◆ Assignment ◆
Below are records that should be duplicated exactly, with no image retained.
<<<<
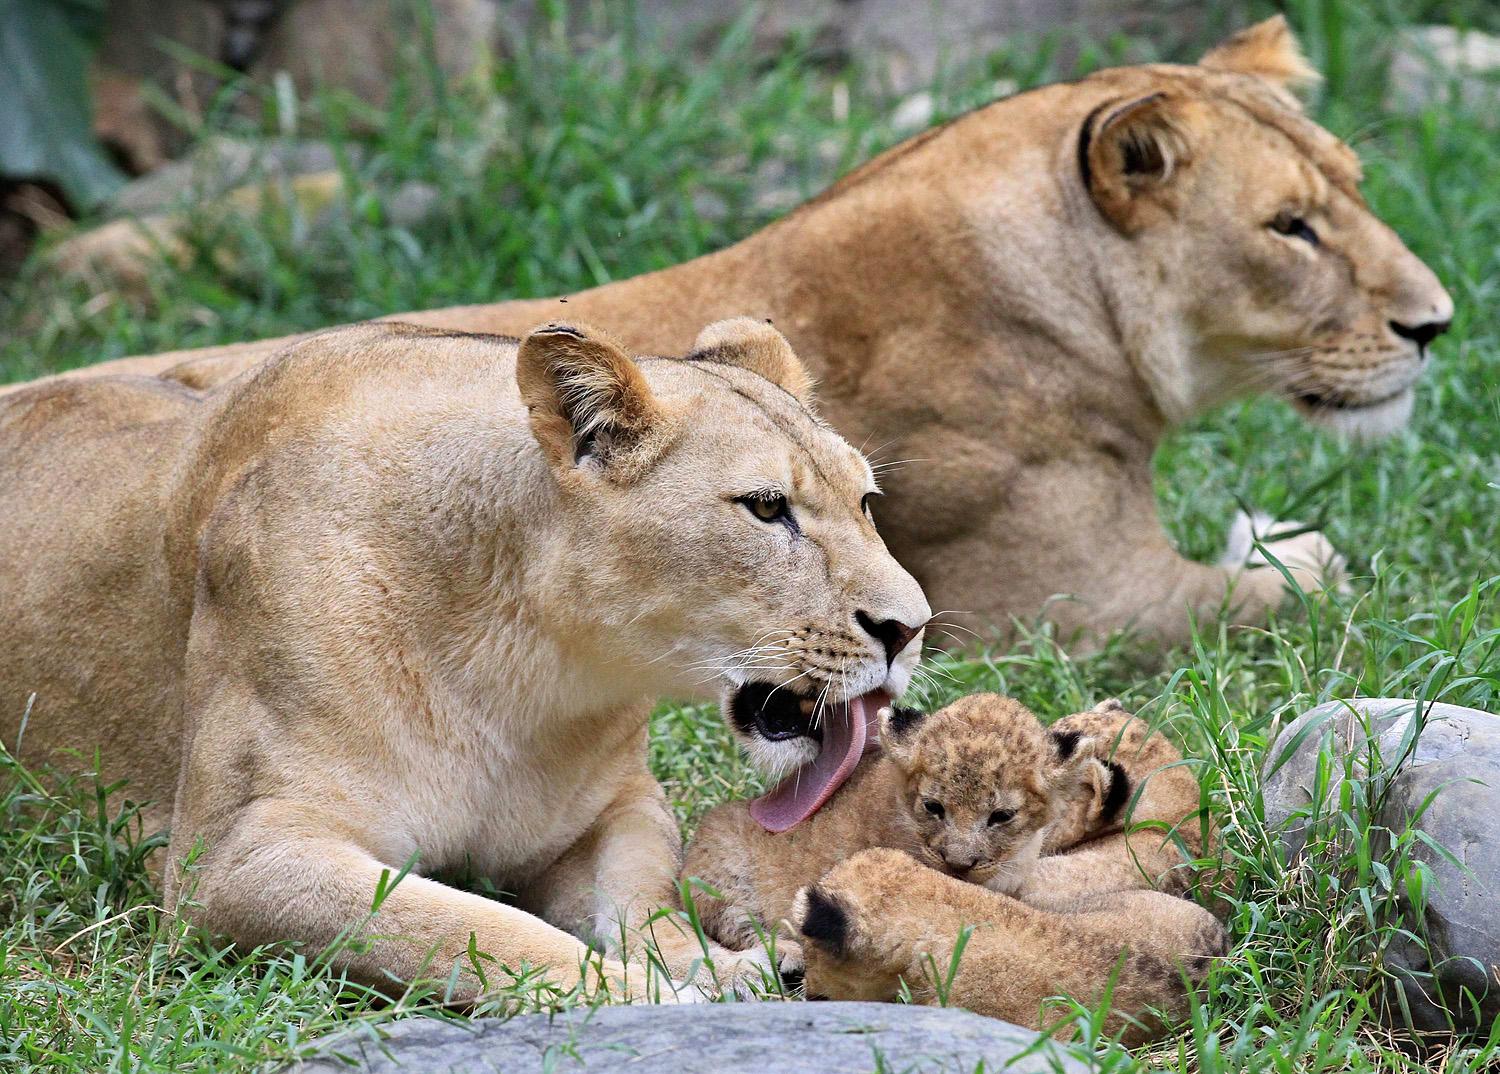 Eleven példányok és múzeumban őrzött maradványok alapján rekonstruálták az oroszlán genetikai 
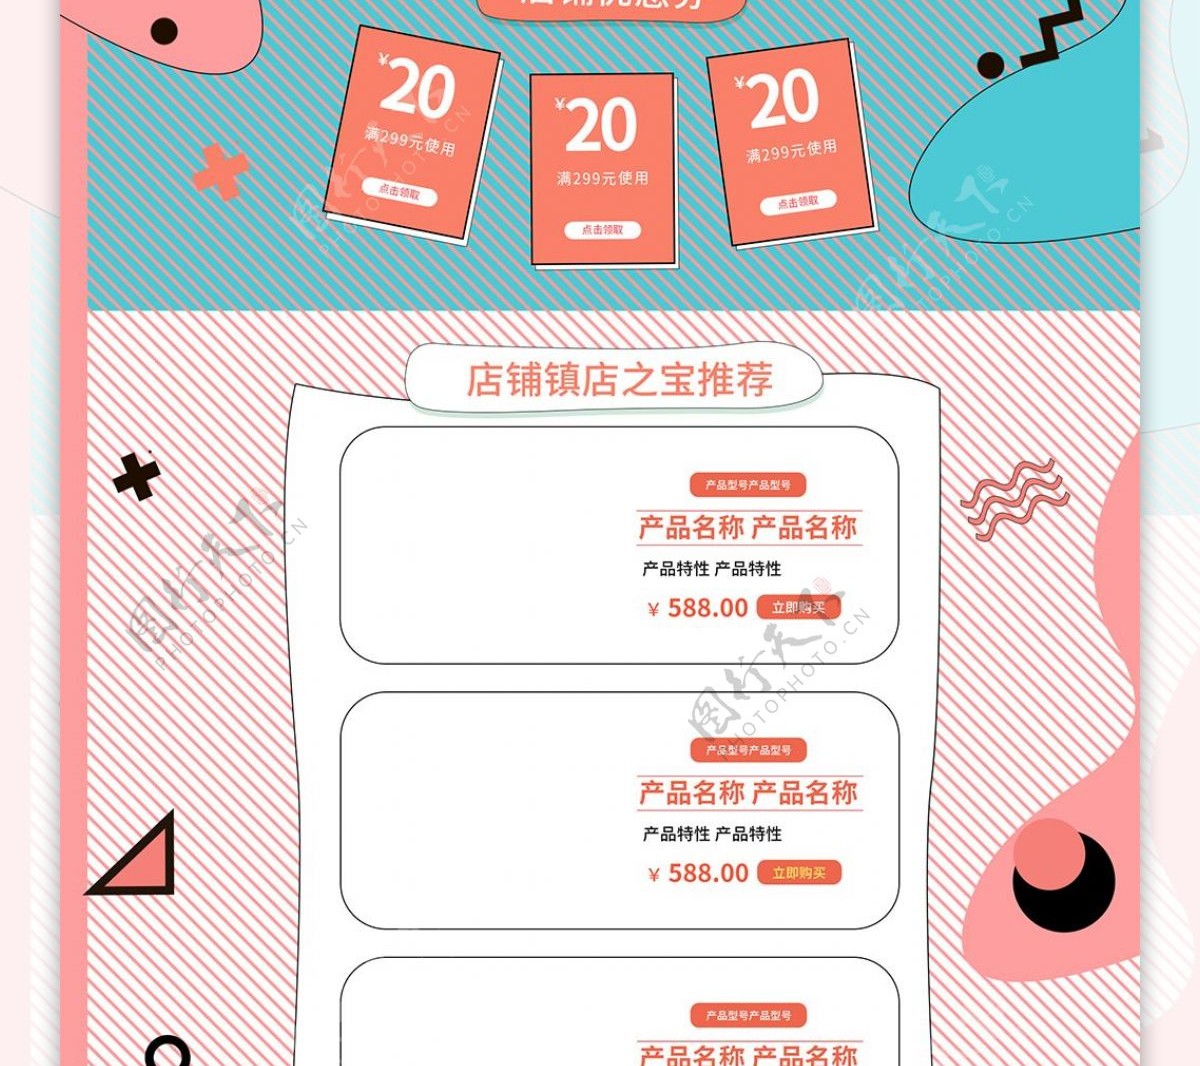 京东618店庆购物节蓝色手绘电商首页模板
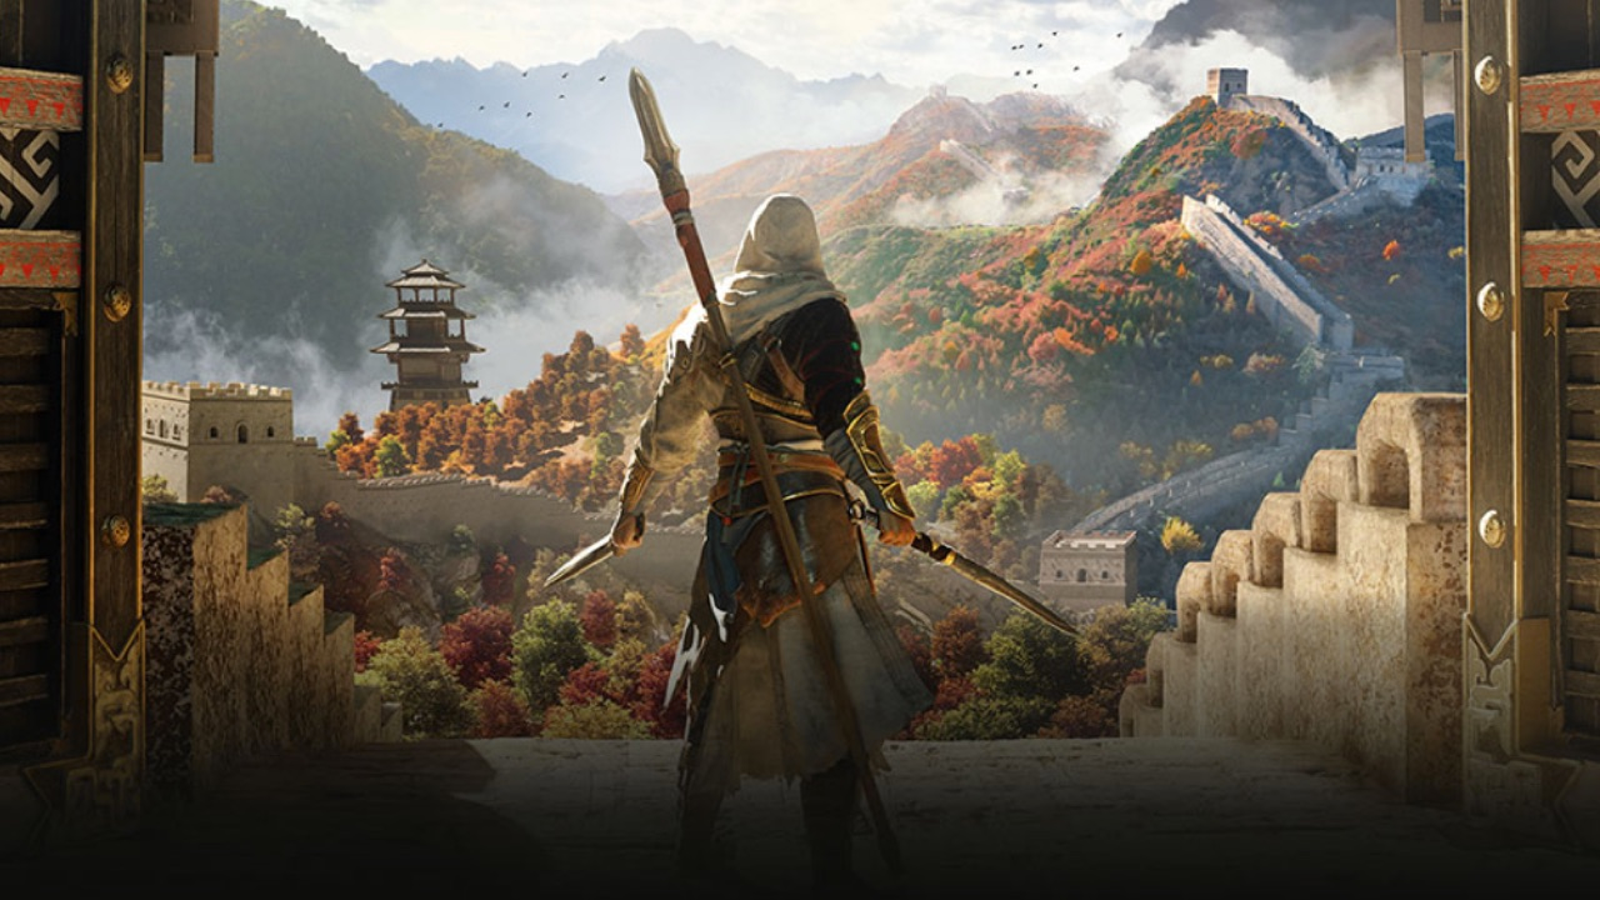 Assassin's Creed Jade-Official Website
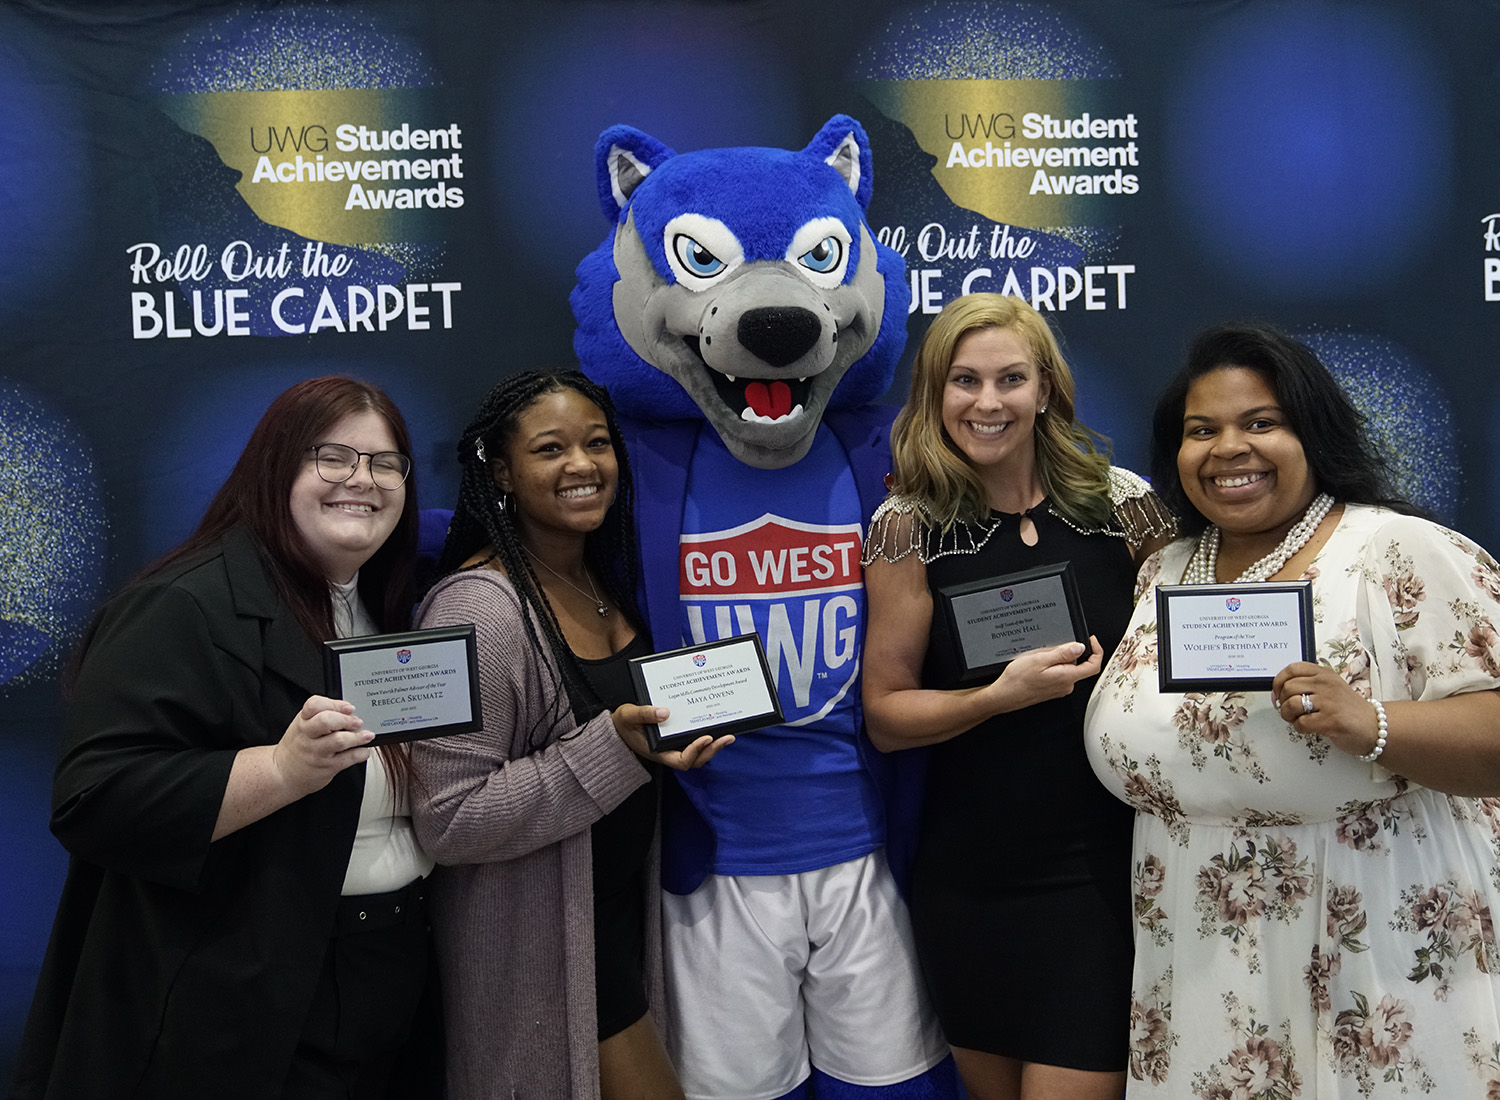 Student Achievement Awards recipients with Wolfie
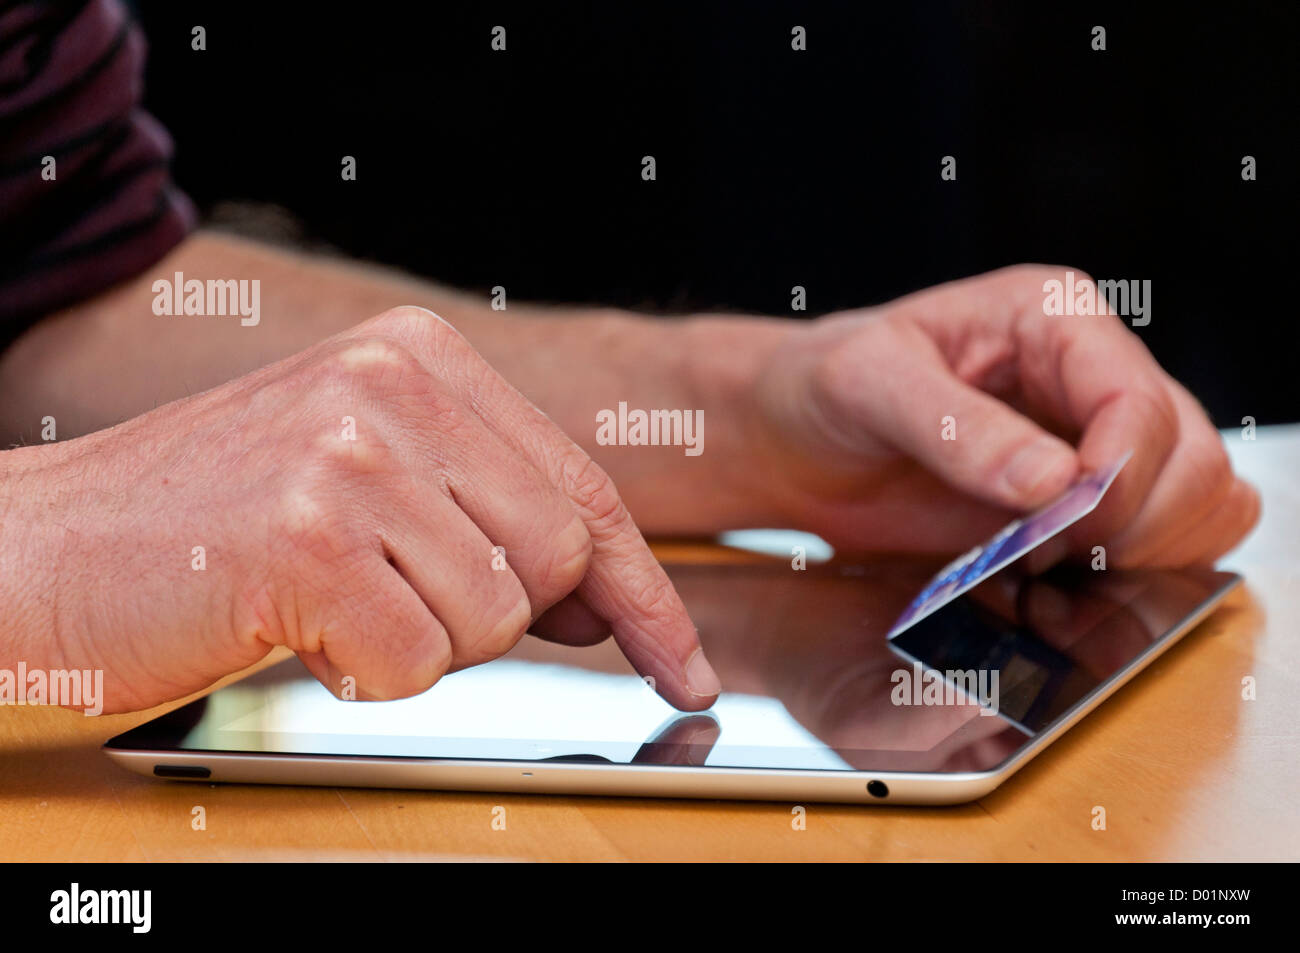 Magasinage en ligne avec un ordinateur tablette. Banque D'Images
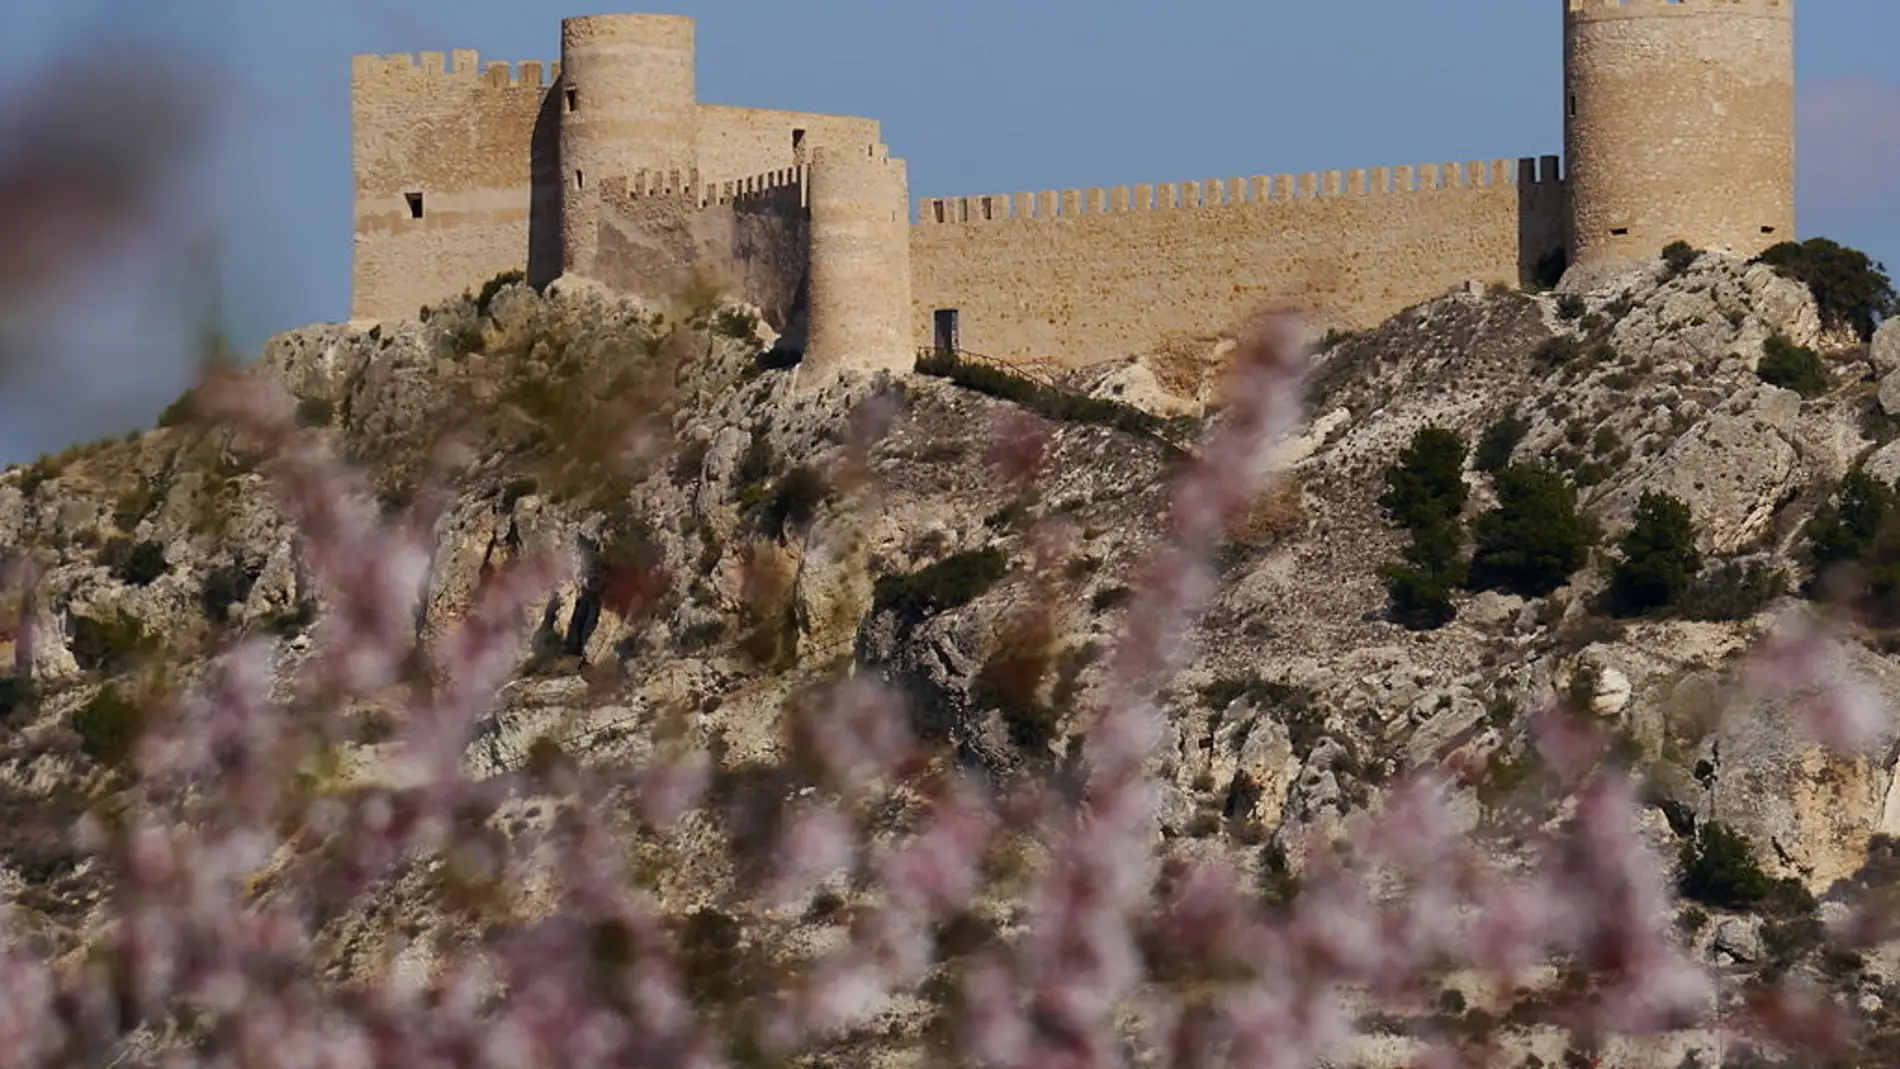 Castillo de Castalla: ¿sabías que fue una fortaleza clave para diversas e históricas batallas?
>>>>
◆ Result of the task ◆
 Eleven példányok és múzeumban őrzött maradványok alapján rekonstruálták az oroszlán genetikai 
 京东618店庆购物节蓝色手绘电商首页模板
 Assassin's Creed Jade-Official Website
 Student Achievement Awards recipients with Wolfie
 Magasinage en ligne avec un ordinateur tablette. Banque D'Images
 Castillo de Castalla: ¿sabías que fue una fortaleza clave para diversas e históricas batallas?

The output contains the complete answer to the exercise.